Et effectivement, très peu de figures importantes de la politique française actuelle consentiraient un tel investissement intellectuel sans autre but que de prendre un peu de hauteur et de recul par rapport à la masse considérable d’innovations technologiques qui nous assaillent chaque jour… Peu, d’ailleurs, seraient en mesure de le faire. Peu enfin aurait l’humilité de le faire, de peur que l’exercice bouscule nombre de leurs certitudes médiatiques sur la science.
Les raisons d’une telle indifférence de la classe politique pour les questions scientifiques sont multiples. Bien sûr, la formation des protagonistes de la politique déjà évoquée est certainement un facteur à prendre en compte, mais il ne s’agit peut-être que d’une conséquence et non d’une cause…Le principal déterminant de cette désaffection des gouvernants pour les disciplines scientifiques résulte probablement – et en premier lieu – du regard porté par la société contemporaine sur les avancées de la Science. Cette dernière a en effet perdu son statut de secteur protégé des querelles partisanes, entièrement voué à défricher de nouvelles « terra incognita » pour le bonheur de l’humanité…
Les avancées de la science sont de moins en moins perçues comme des conquêtes de la Raison sur l’ignorance, mais de plus en plus, comme des facteurs de menaces potentielles…Le progrès ne semble plus résider dans le triomphe de nouveaux savoirs mais dans la manière de circonvenir les risques que ces nouvelles connaissances pourraient engendrer…L’enjeu n’est d’ailleurs plus tant de développer de nouveaux savoirs, que d’imaginer des protections supplémentaires face aux dangers supputés de toute innovation scientifique ou technologique…La peur supplante l’audace, considérée dans le passé comme une des qualités primordiales des pionniers de la science. Dans notre environnement contemporain, où les technocraties répressives hypocritement qualifiées « d’indépendantes » se multiplient, Pierre et Marie Curie n’auraient pas été autorisés, pour des motifs de sécurité, à poursuivre leurs recherches sur le radium.
Dans ce contexte, la classe politique, ignorante de la science, suit le mouvement plus qu’elle ne le précède, amplifiant délibérément pour des motifs électoraux ou de clientélisme, les dangers signalés par des experts venus de nulle part, qui la mettent en garde sur les conséquences d’options trop hardies, assimilées volontiers à un laxisme coupable. L’acquisition de connaissances nouvelles n’est plus alors un enjeu, mais un alibi de campagne, dans le cadre d’une lutte prétendument sans merci contre tous les méfaits proclamés de la modernité !
A titre anecdotique, mentionnons le cas de ce candidat à l’élection présidentielle en 2017, paré pour tout titre universitaire d’une licence d’histoire, et apparatchik patenté de son parti, qui parcourt les estrades en pérorant devant qui veut l’entendre qu’une de ses premières décisions une fois élu serait « d’interdire les perturbateurs endocriniens ». Evidemment personne n’aurait l’outrecuidance de lui demander des précisions sur ce qu’il entend par là ! Le vocable suffit pour effrayer, surtout si l’on ajoute que ces substances sont à l’origine de cancers et qu’ils ont une incidence sur la fécondité humaine…

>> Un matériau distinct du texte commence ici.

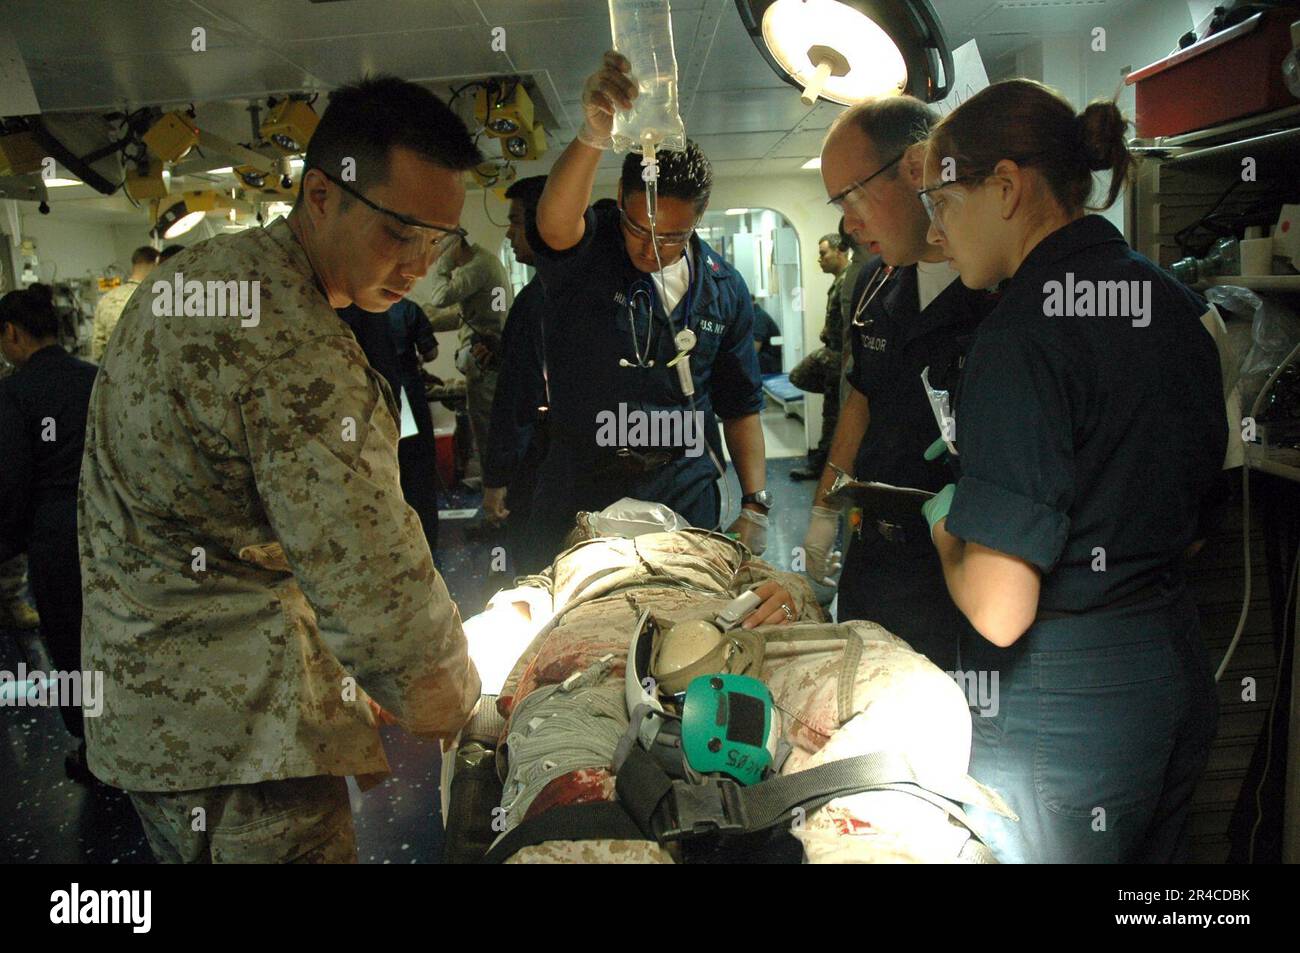 US Navy Mitglieder des medizinischen Teams der Expeditionary Strike Group Five (ESG-5), die der USS Boxer (LHD 4) angeschlossen sind, evaluieren einen verwundeten Marine während einer Massenübung für Verletzte. Stockfoto

Ah! Qu’elle a bon dos, l’épidémiologie, cette discipline de traitement statistique de phénomènes de faible incidence, lorsqu’elle sert de support politiquement orienté aux charlatans de l’apocalypse! Si l’on n’y prend garde, il n’y aurait pas assez de bretons vivant sur des roches granitiques, pour mourir des effets néfastes des émanations du radon radioactif! Et pour le même motif, le Limousin serait un désert humain depuis des millénaires…

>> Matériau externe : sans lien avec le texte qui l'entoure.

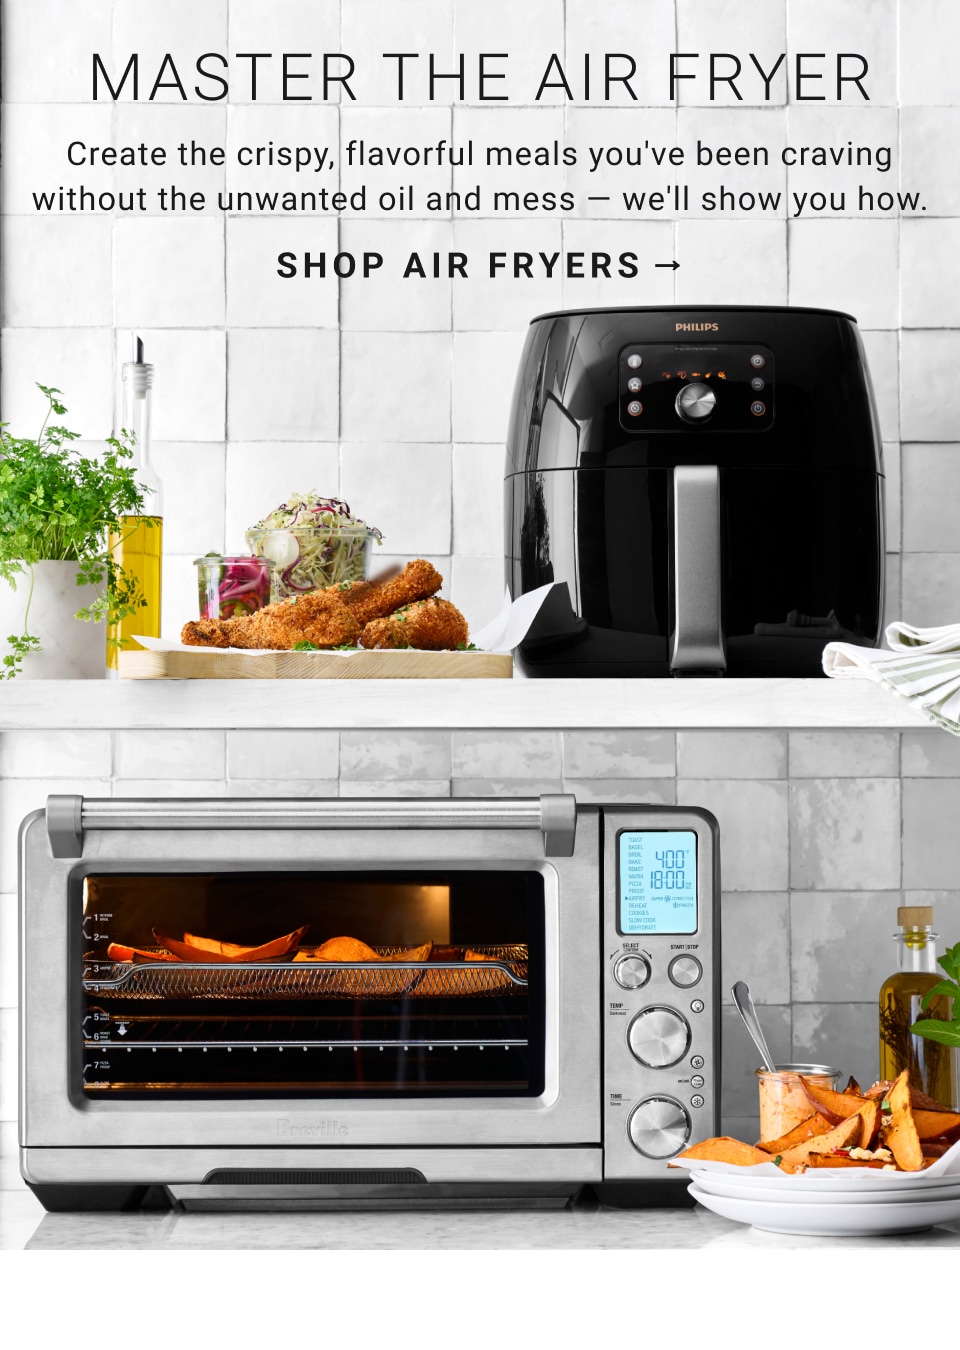 Williams Sonoma Open Kitchen Digital Air Fryer

Cette conception étriquée du progrès dont le point d’orgue fut l’inscription aberrante du « principe de précaution » dans la constitution de la République, marginalise de fait toute démarche scientifique, au risque de stériliser définitivement toute initiative un peu hardie à force d’encadrement réglementaire et normatif, et dans certains cas, de judiciarisation de l’action de chercheurs intrépides et… imaginatifs. Ces dérives ontologiques vont de pair avec des restrictions budgétaires des crédits de recherche que tout gouvernement depuis plusieurs décennies s’efforce d’obtenir, en reculant toutefois piteusement en rase campagne, lorsque les coupes vraiment trop sombres, provoquent l’indignation bruyante des plus éminentes pointures de la recherche scientifique.
De même, on croit rêver lorsque le Parlement français va jusqu’à interdire – non l’extraction des gaz de schistes, ce qui pouvait, à la limite, se concevoir – mais toute recherche sur ce sujet ! On frise le retour à l’inquisition lorsque les discours officiels condamnent tout esprit frondeur qui s’aviserait imprudemment d’émettre le moindre doute sur la pertinence des conclusions relatives aux changements climatiques…
La Science devenue officielle et bastion, parmi d’autres, de la pensée unique est relayée par des élus politiques incultes. Du haut de leur tribune, ils invoquent l’autorité que leur confère leur position, pour condamner sans appel, toute expression dissonante qui s’écarterait de la vérité décrétée, et se gaussent sans vergogne de toute référence – fût-elle timide – au doute méthodique, principe cardinal de l’évolution des connaissances depuis des siècles. Dans le même temps, la pensée rationnelle, progressivement gangrenée par des considérations idéologiques, ploie sous les coups de boutoir « d’experts » autoproclamés, qui gesticulent bruyamment en s’exonérant des systèmes classiques de validation scientifiques, et imposent un corpus de dogmes simplistes, dont il faut absolument faire son catéchisme. La non-science remplace alors la science !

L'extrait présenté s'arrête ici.